* **What this task involves**
What you give back must match the data exactly, minus the pictures.

* **Source data**
□ □ □ □
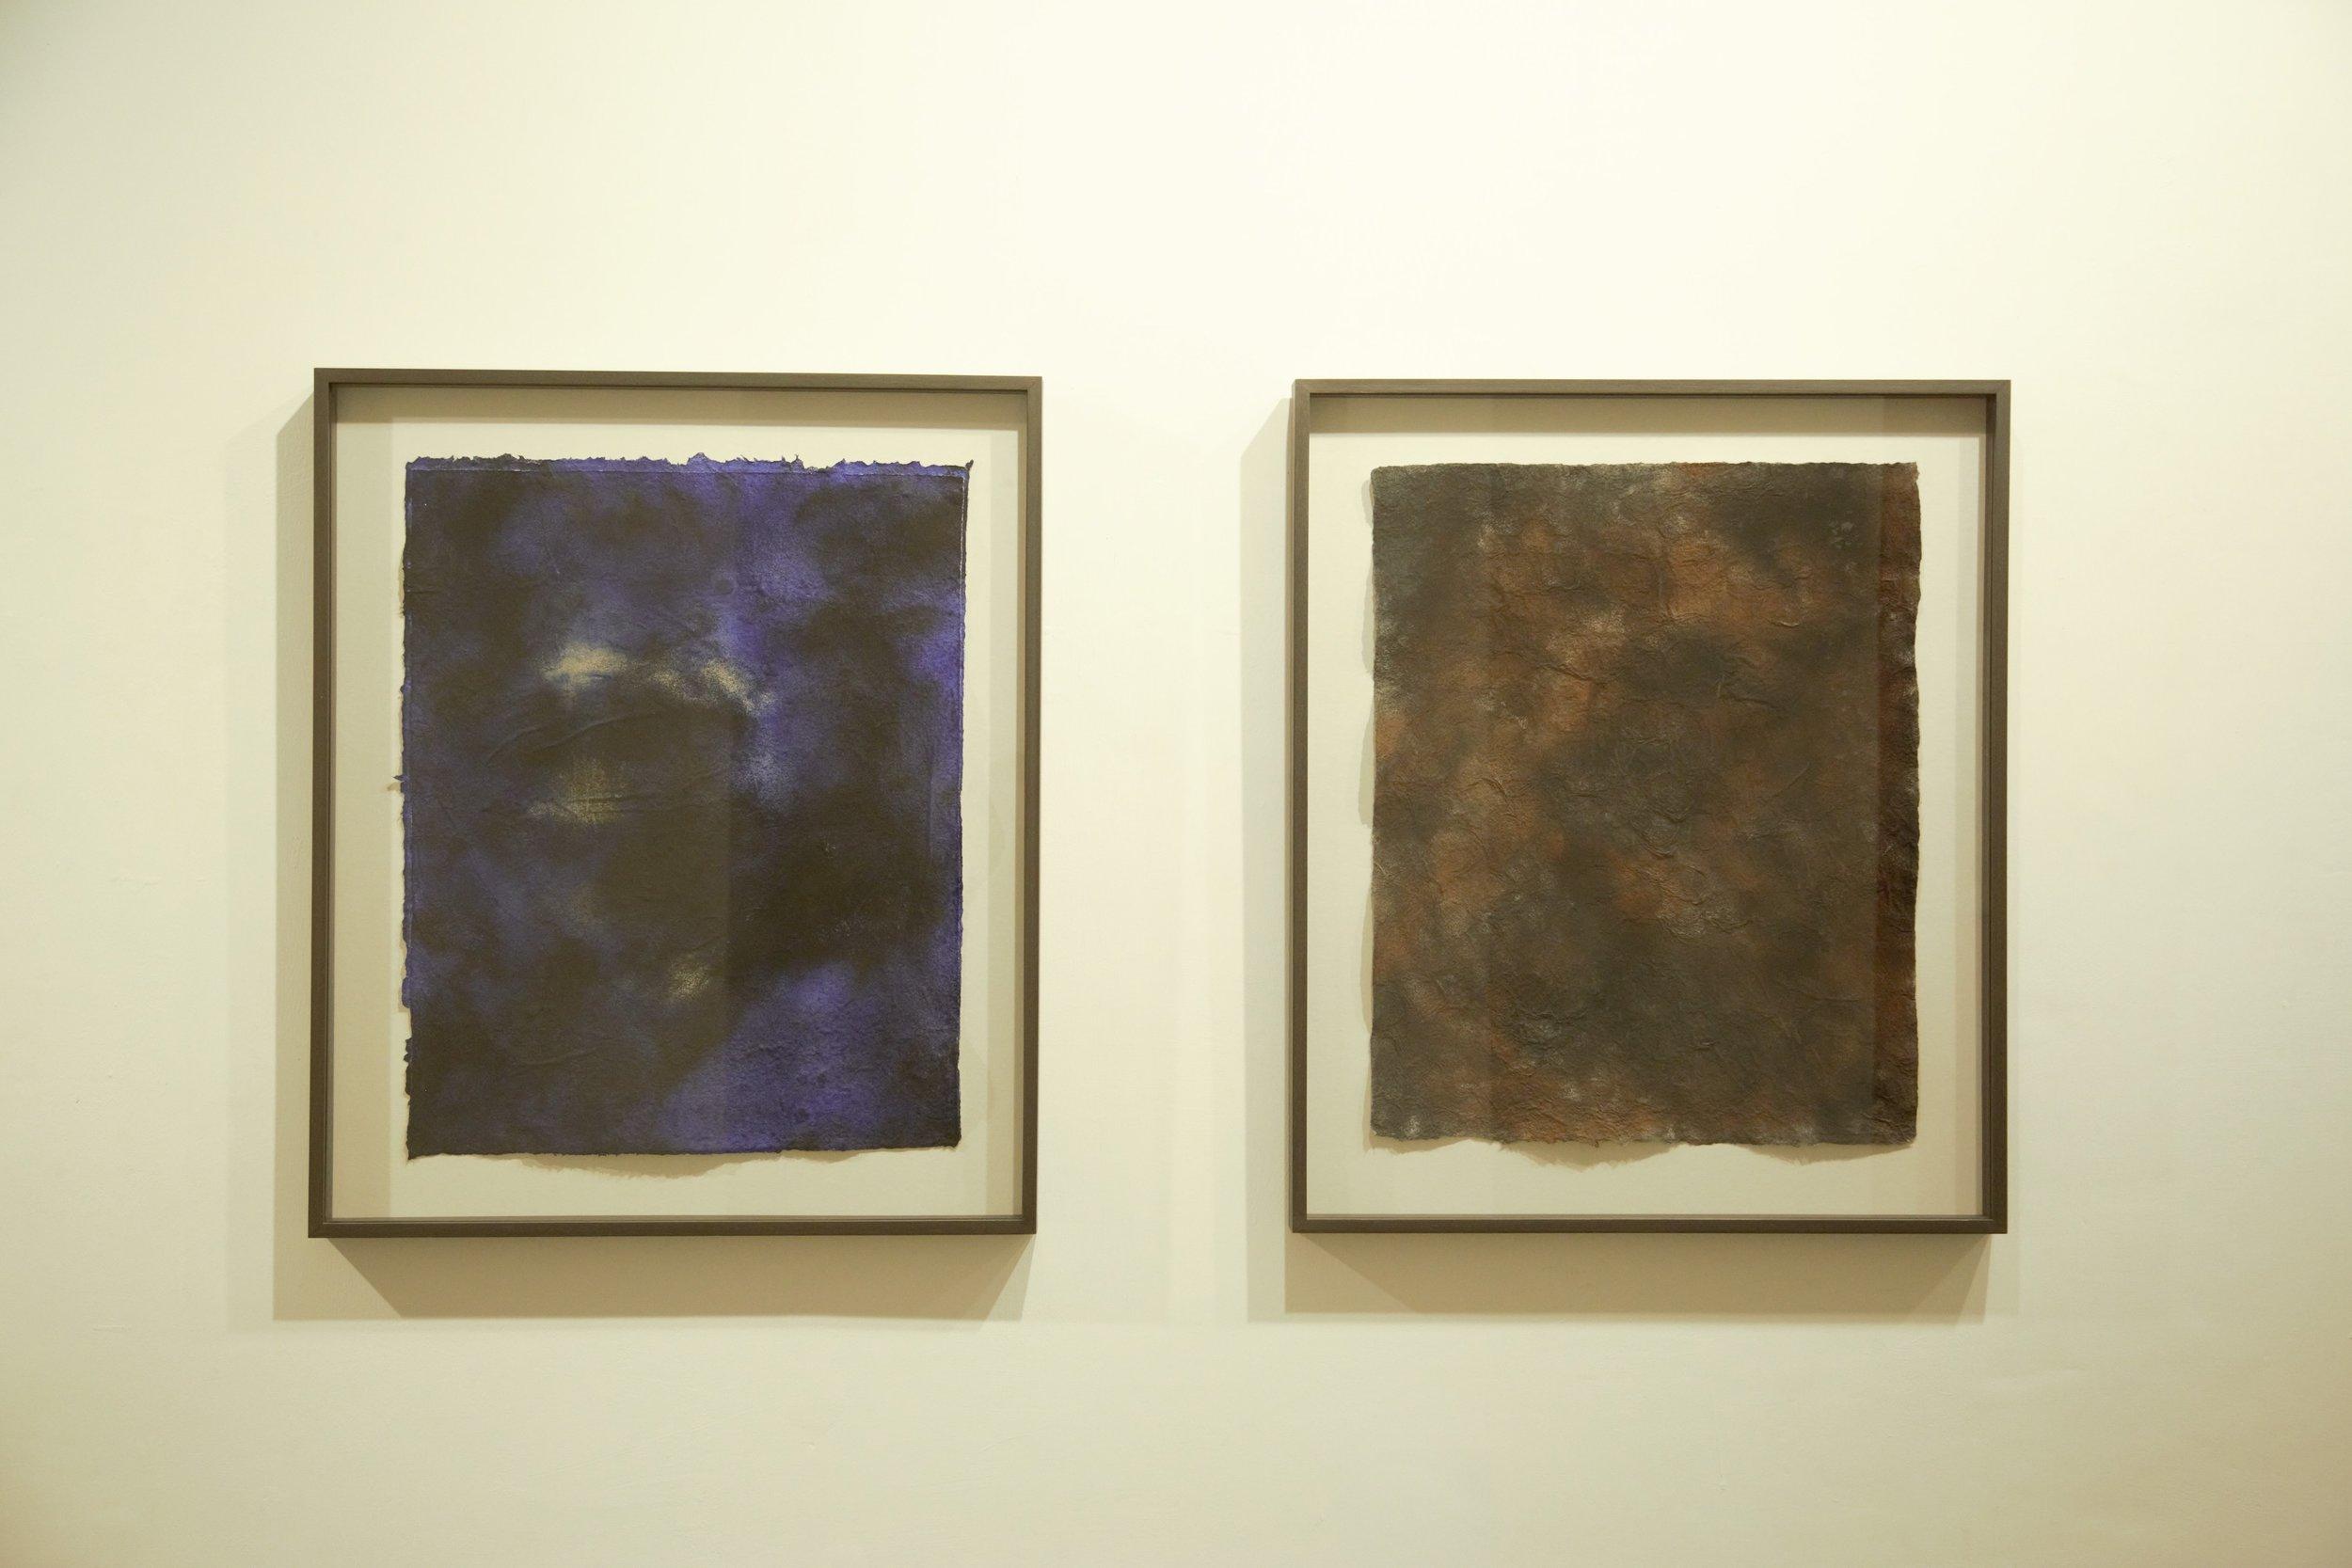 Manisha Parekh, Earth Series, 2016
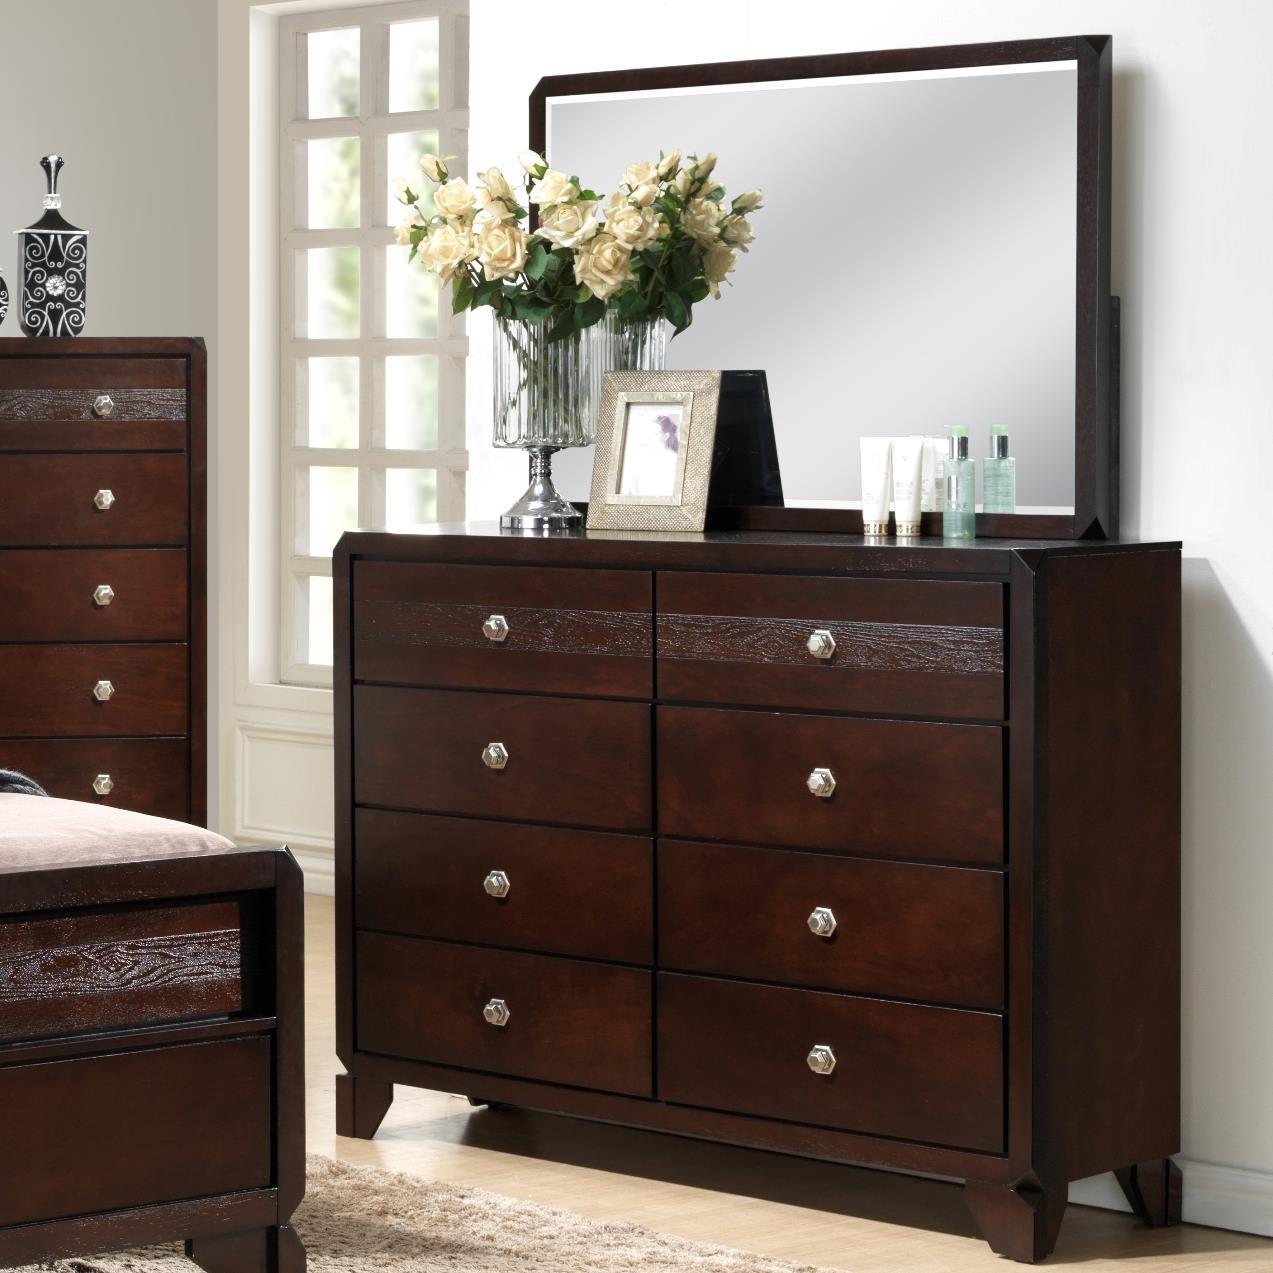 Crown Mark Tamblin Dresser and Mirror Set - Item Number: B6850-1+11
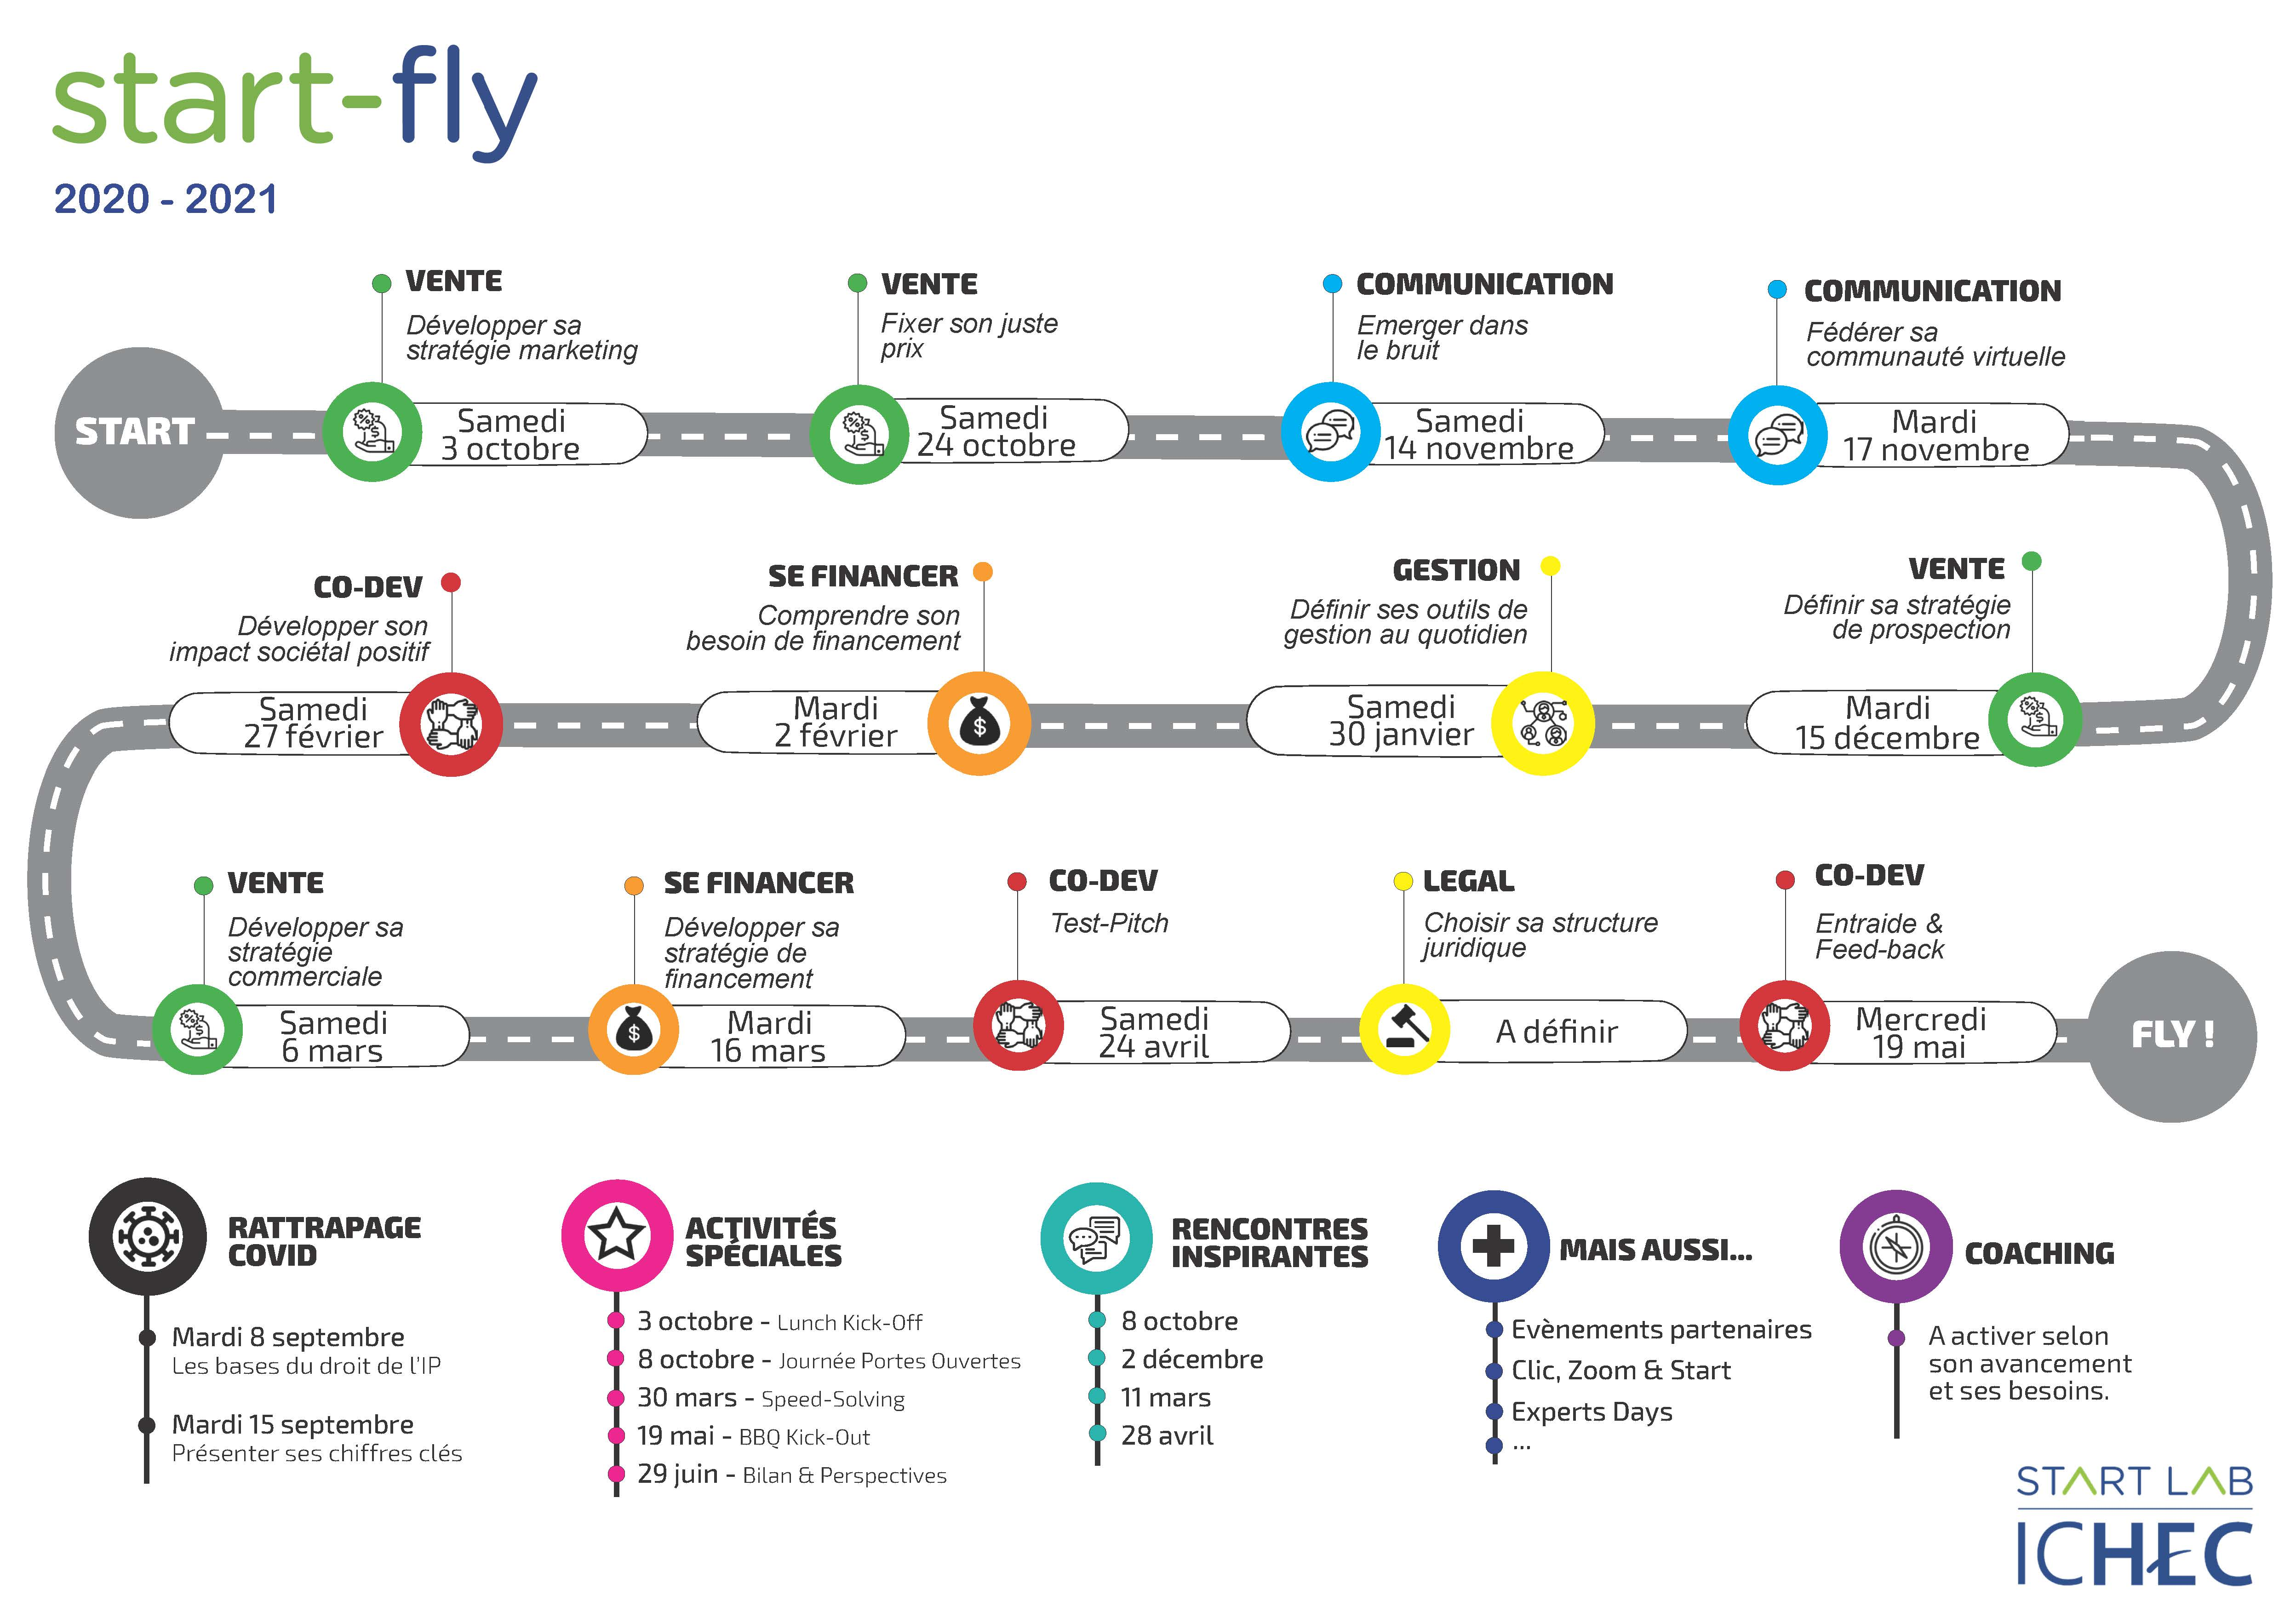 Start-fly programme 2020-2021
□ □ □ □
* **Reply to the exercise**
 Manisha Parekh, Earth Series, 2016
 Crown Mark Tamblin Dresser and Mirror Set - Item Number: B6850-1+11
 Start-fly programme 2020-2021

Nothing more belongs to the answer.